Source records:
┌──

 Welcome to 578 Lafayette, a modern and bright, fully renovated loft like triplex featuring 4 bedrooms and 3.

└──
┌──

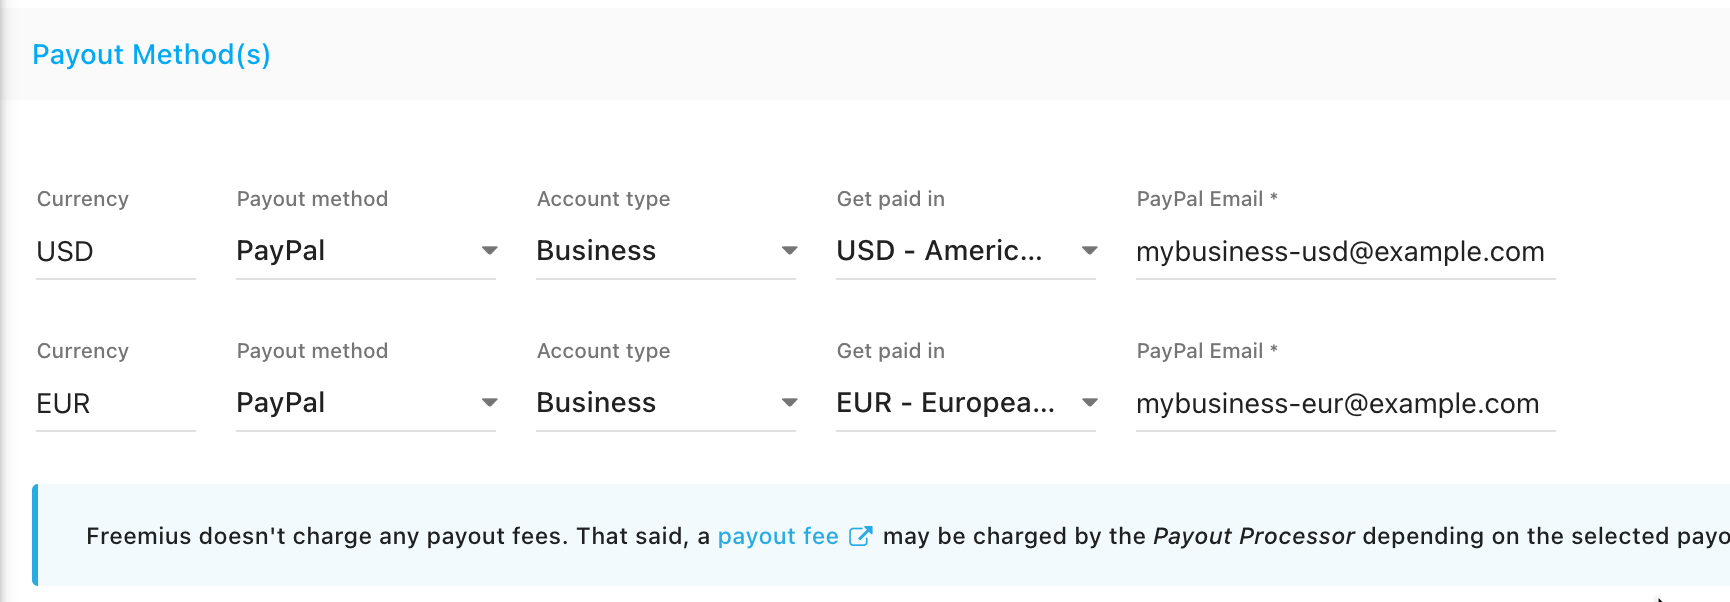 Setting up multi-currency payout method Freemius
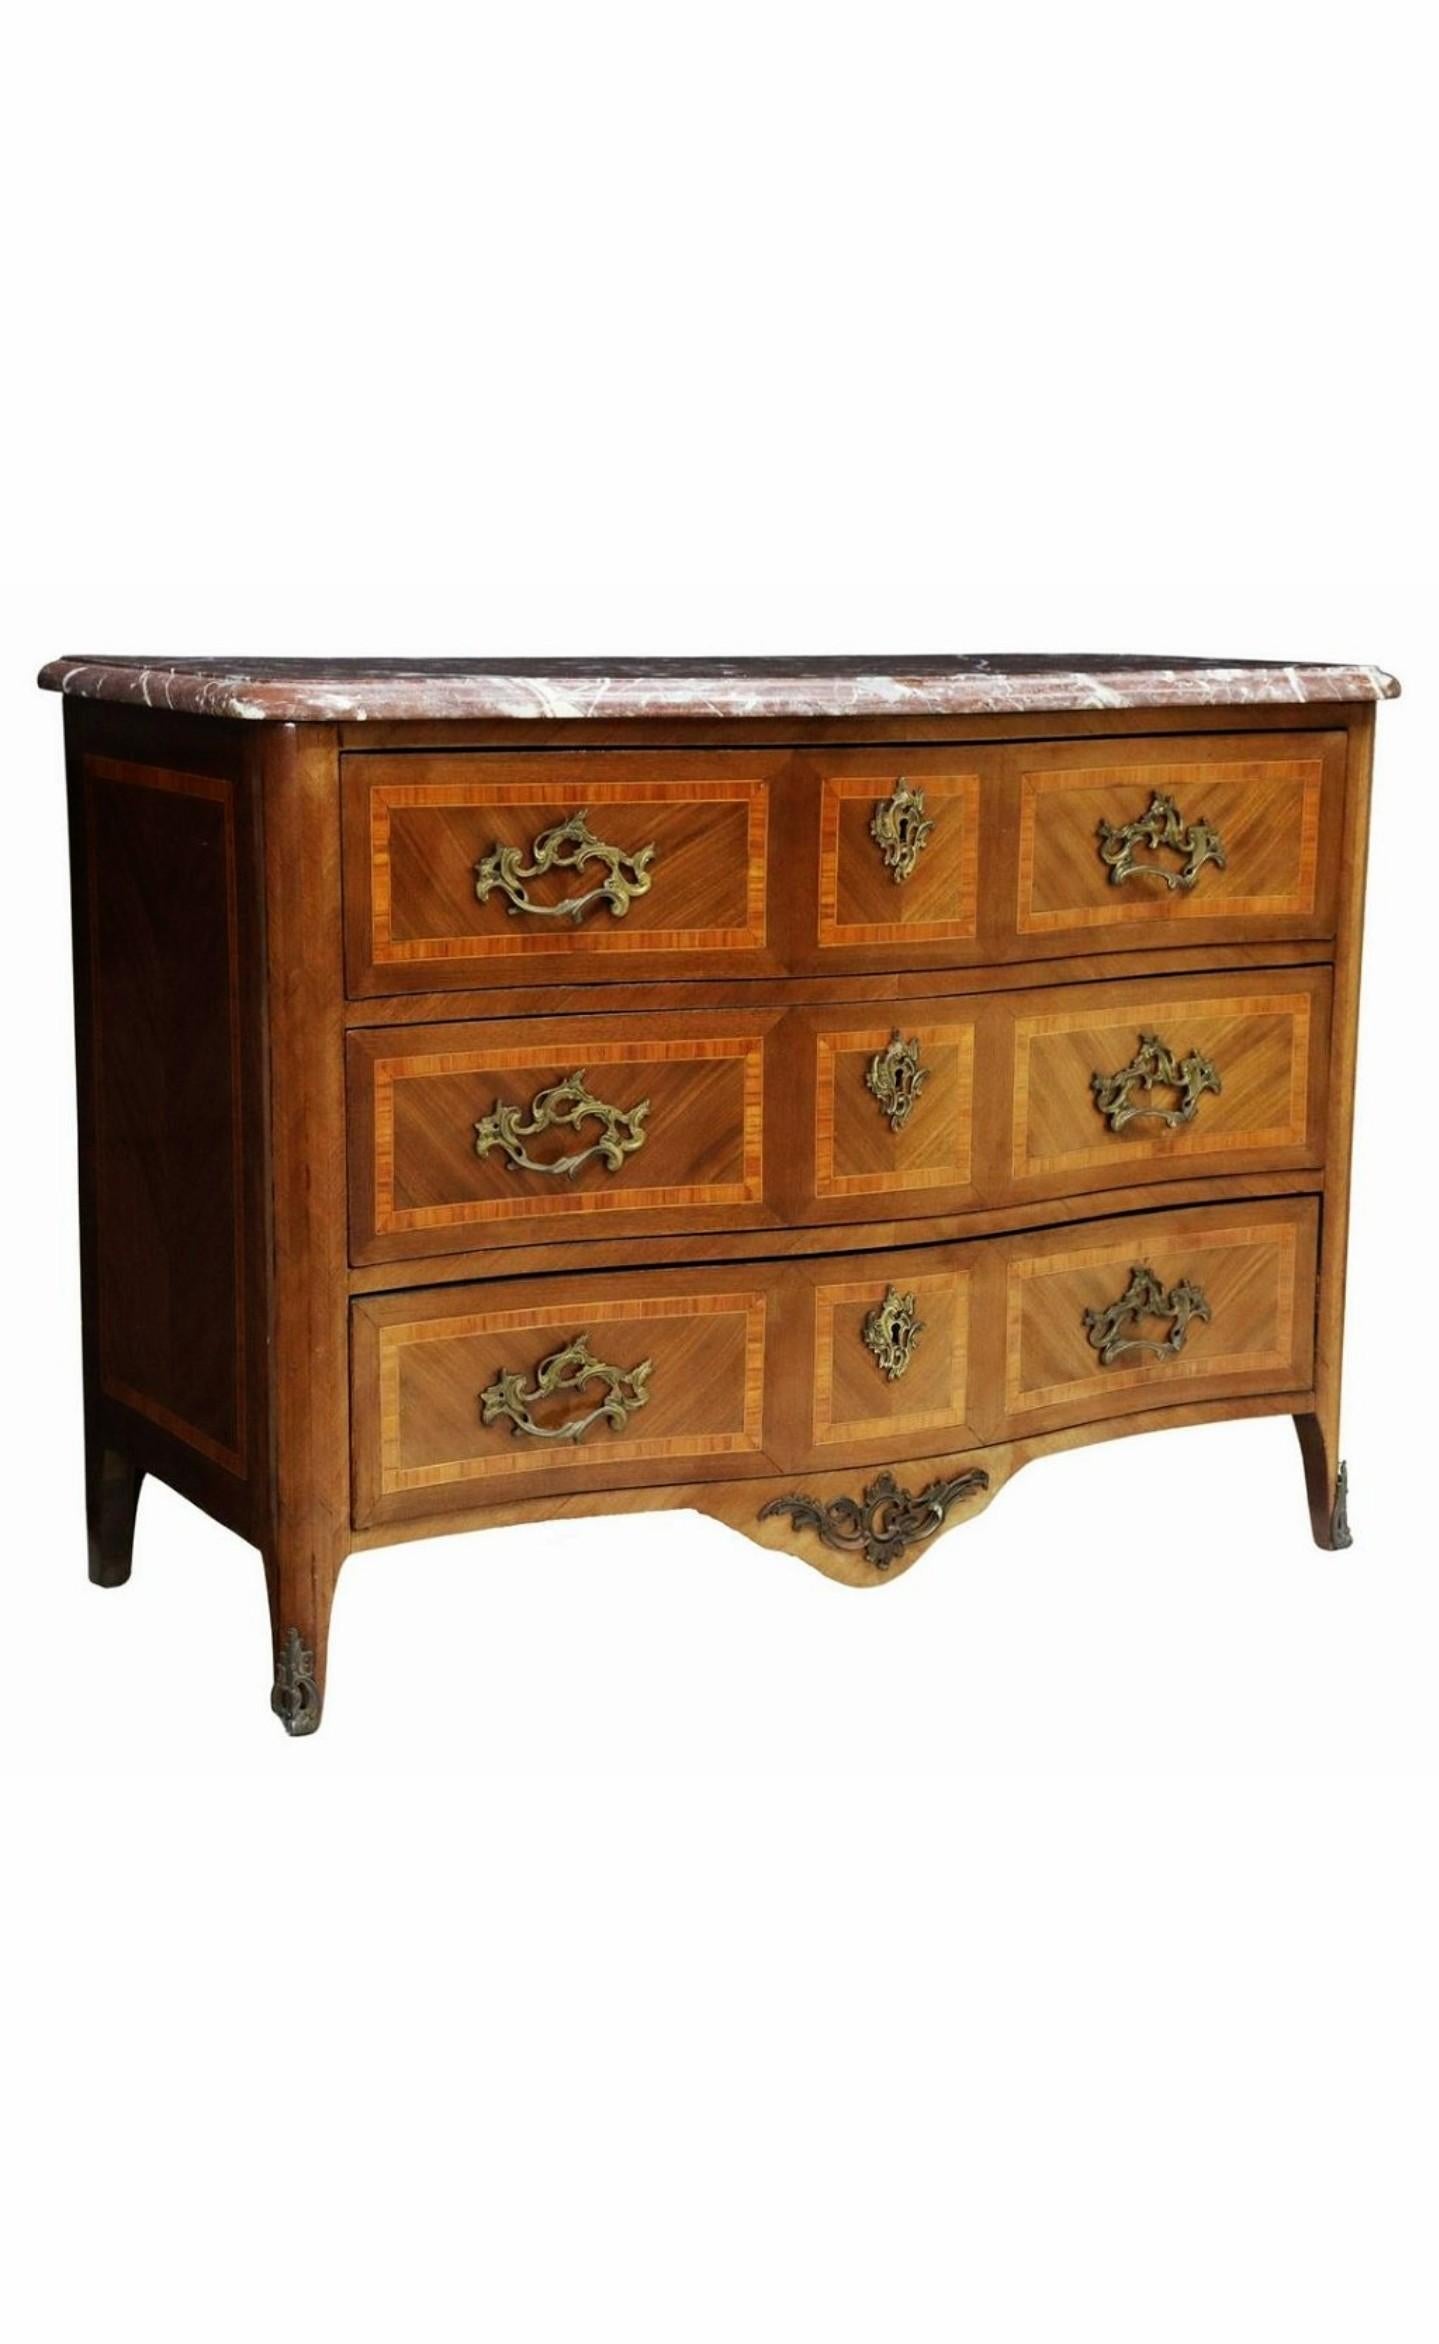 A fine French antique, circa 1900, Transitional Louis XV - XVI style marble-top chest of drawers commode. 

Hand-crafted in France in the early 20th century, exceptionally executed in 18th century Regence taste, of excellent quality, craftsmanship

└──

Reproduce, word for word, everything in the listing above from the line containing "Setting up multi-currency" down to the line containing "Hand-crafted in France", both of them included. No pictures.

Output for this exercise:
 Setting up multi-currency payout method Freemius
 A fine French antique, circa 1900, Transitional Louis XV - XVI style marble-top chest of drawers commode. 

Hand-crafted in France in the early 20th century, exceptionally executed in 18th century Regence taste, of excellent quality, craftsmanship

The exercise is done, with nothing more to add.